Out in the Silence is a 2009 documentary film directed by Joe Wilson and Dean Hamer. It chronicles the chain of events that occur when the severe bullying of a gay teenager draws Wilson and his partner back to the conservative rural community of Oil City, Pennsylvania, where their own same-sex wedding announcement had previously ignited a controversy. The film focuses on the widely varying, emotional reactions of the town's residents including the teenager and his mother, the head of the local chapter of the American Family Association, and an evangelical pastor and his wife.

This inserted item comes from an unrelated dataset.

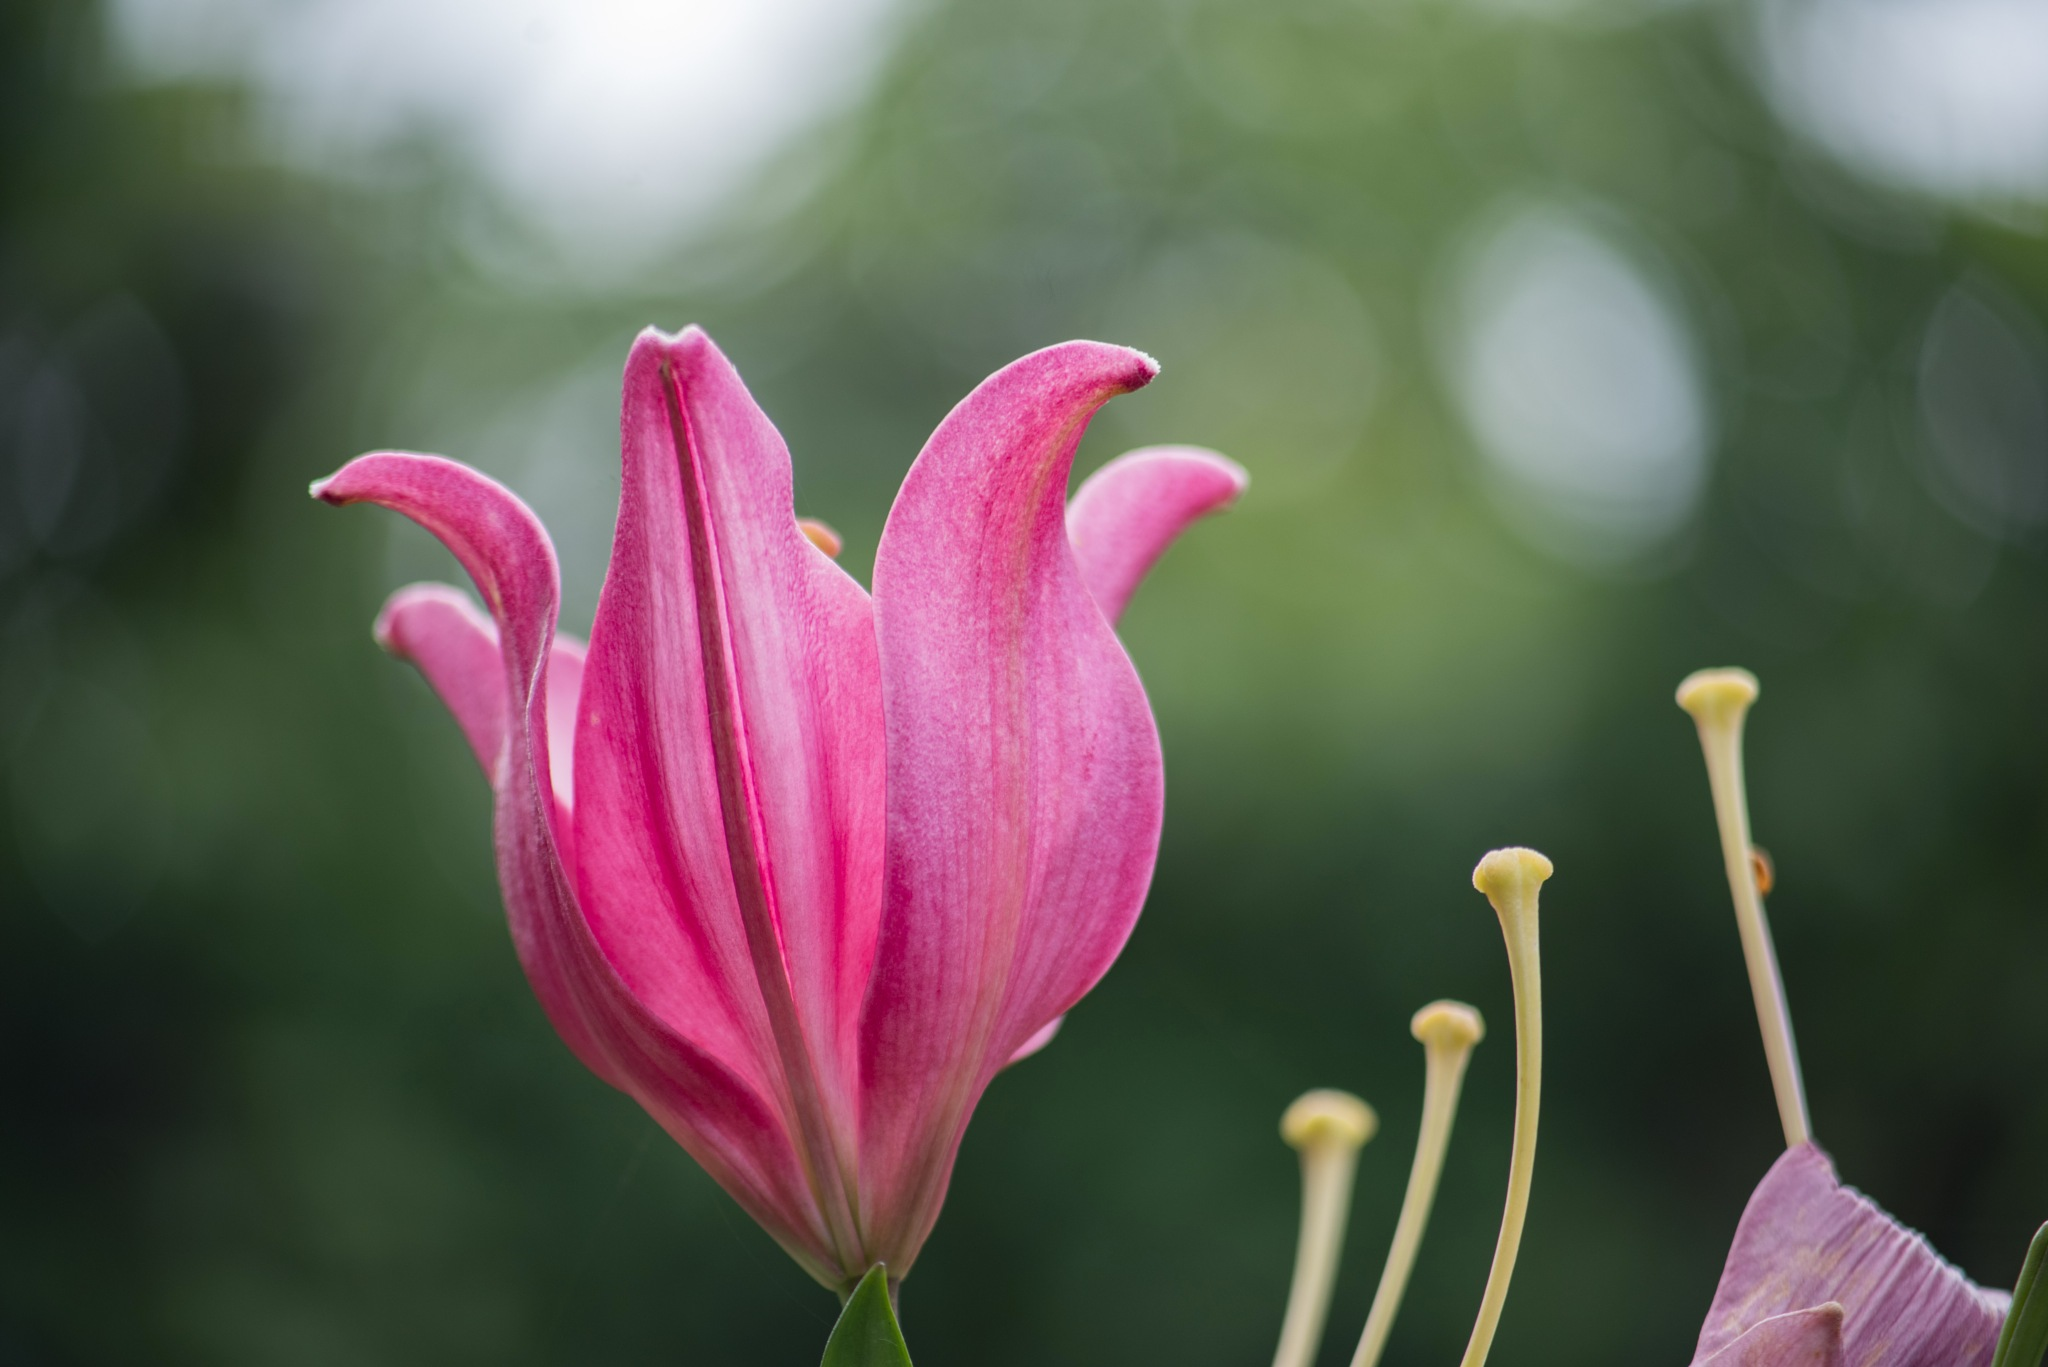 Flowers by Daniele Vecchi

==Community engagement campaign==
The Out in the Silence Campaign for Fairness and Equality in Rural and Small Town America used the film as a tool to raise the visibility of lesbian, gay, bisexual and transgender (LGBT) people and promote dialogue and bridge building. The campaign held over 500 grassroots screenings in town halls, schools, churches, and community centers, many in isolated areas that had not previously experienced openly LGBT events. The Center for Social Media and the BRITDOC Foundation highlighted the campaign as an example of using film for social change.

In 2011, the Campaign initiated the Out in the Silence Youth Activism Award to highlight the work of young people on LGBT inclusion and equality.

In 2022, Frameline Film Festival established the Out in the SIlence award to recognize outstanding film projects that highlight brave acts of LGBTQ+ visibility in places where such acts are not common. Winners of the award include Black as U R (2022), All the Colors of the World are Between Black and White (2023), Any Other Way: The Jackie Shane Story (2024), The Secret of Me (2025), and Trial of Hein (2026).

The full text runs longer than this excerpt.